In a consumer marketplace that embraces fast food, fast casual, upscale casual, corporate-run chains and menus that brag—as one particular Factory does—more than 200 items, Arthur’s Restaurant is a cultural anomaly. Flying in the face of all trends and market research, it remains committed to formality, a measured pace, impeccable service, tableside preparation (a true rarity) and a conservatively defined menu.
Servers—all male on the evening my party visited—are attired in tuxedos, tables garbed in thick cotton linens, food served on fine china and eaten with weighty silver cutlery. Women are treated as ladies, men as gentlemen, and I would imagine that children, once past the gates of propriety, would be expected to display their very best cotillion manners.
It is no wonder that, over the 26 years its doors have been open in Nashville, Arthur’s has expertly lent itself as a staging ground for countless celebrations and special occasions. Servers efficiently guide diners through the seven-course menu, posing just one decision: rack of lamb, filet, fish, poultry or game as your main course? The other six courses are determined either by the chef or by tradition—dessert is always Bananas Foster, prepared and set aflame tableside, as is the grand finale, Café Diablo.
It is this concept—predictable in execution, but offering some variety through seven courses—that appeals to many diners. Large parties enjoying a rehearsal dinner or masters of the universe striking a deal don’t want to waste time pondering a dozen different choices, nor do they have to nitpick over the check: everybody is charged the same price. Head-over-heels lovers barely have to break their canoodling; the service at Arthur’s is so subdued you won’t notice one plate being exchanged for the other as you gaze into one another’s eyes.
It is the foodie and the culinary adventurer who will have issues with Arthur’s. When I dine out, the rule of thumb is variety: no one at the table is allowed to order the same thing, and everyone is expected to pass their plate and share. So while everything we ate at Arthur’s was good and well-prepared—the wild mushroom soup in particular—it’s not the type of dining experience I would choose when I go out. When all was said and done, I was fed, but my palate was not satisfied.

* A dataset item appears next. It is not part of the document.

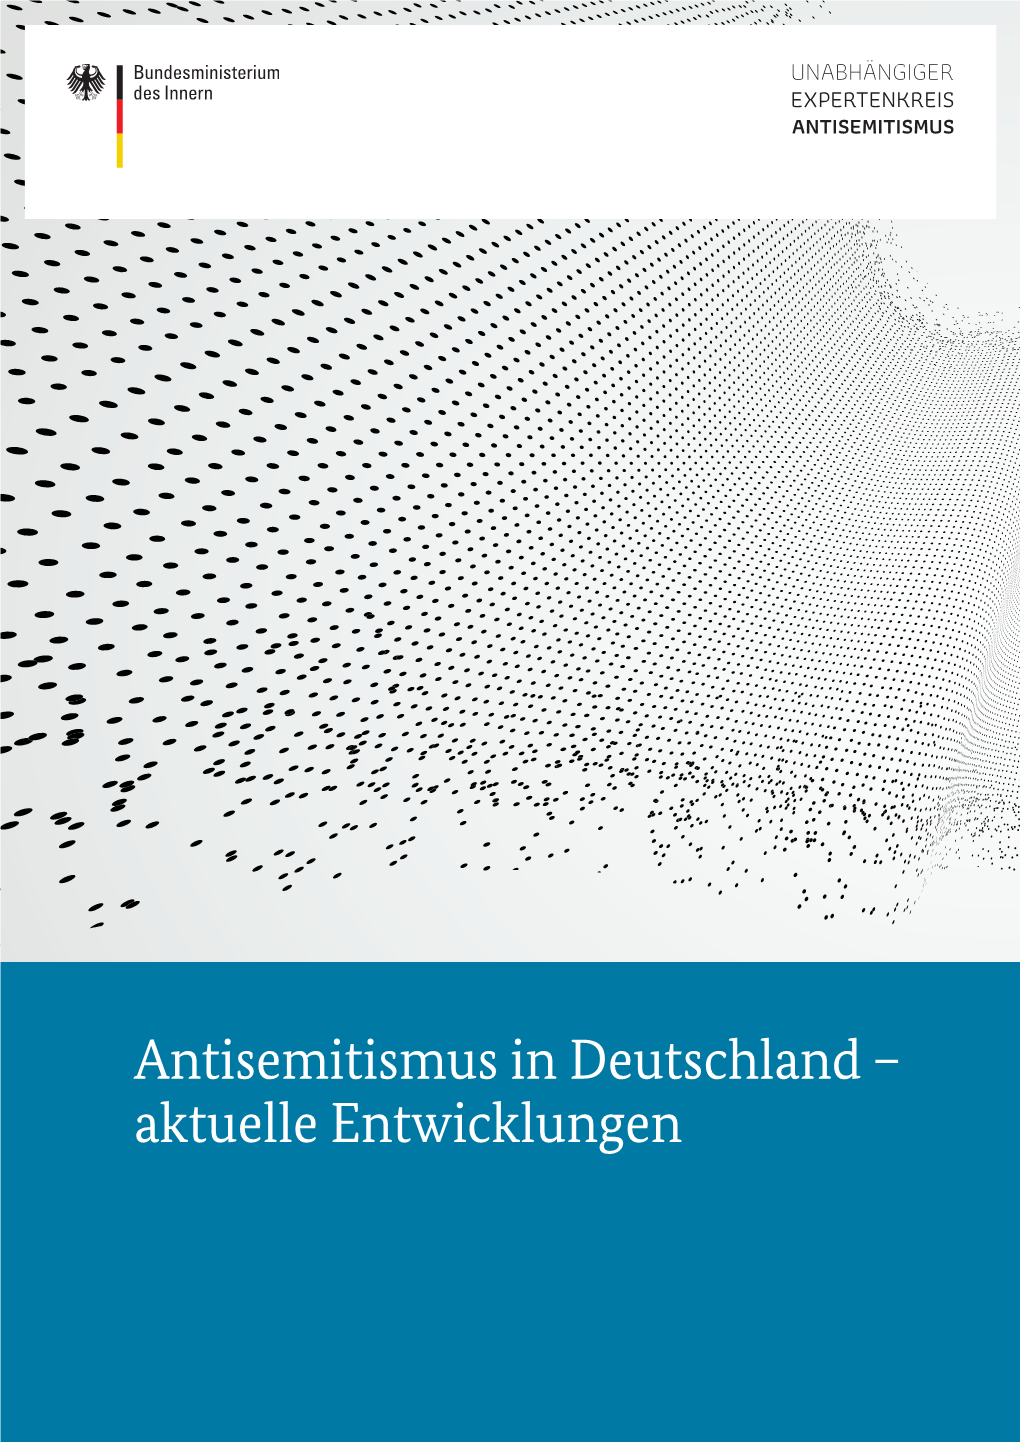 Antisemitismus in Deutschland – Aktuelle Entwicklungen UNABHÄNGIGER EXPERTENKREIS ANTISEMITISMUS

Arthur’s Restaurant deserves all due respect for being one of a pioneering group of restaurants that came of age a generation ago, and for its consistency over 26 years of refined hospitality. Nashville’s newly diverse dining profile continues to evolve at a dramatic rate, as if making up for lost time. With just under two months left in its corner of Union Station, time is running out for Arthur’s as we know it. Time will tell if it will rise again.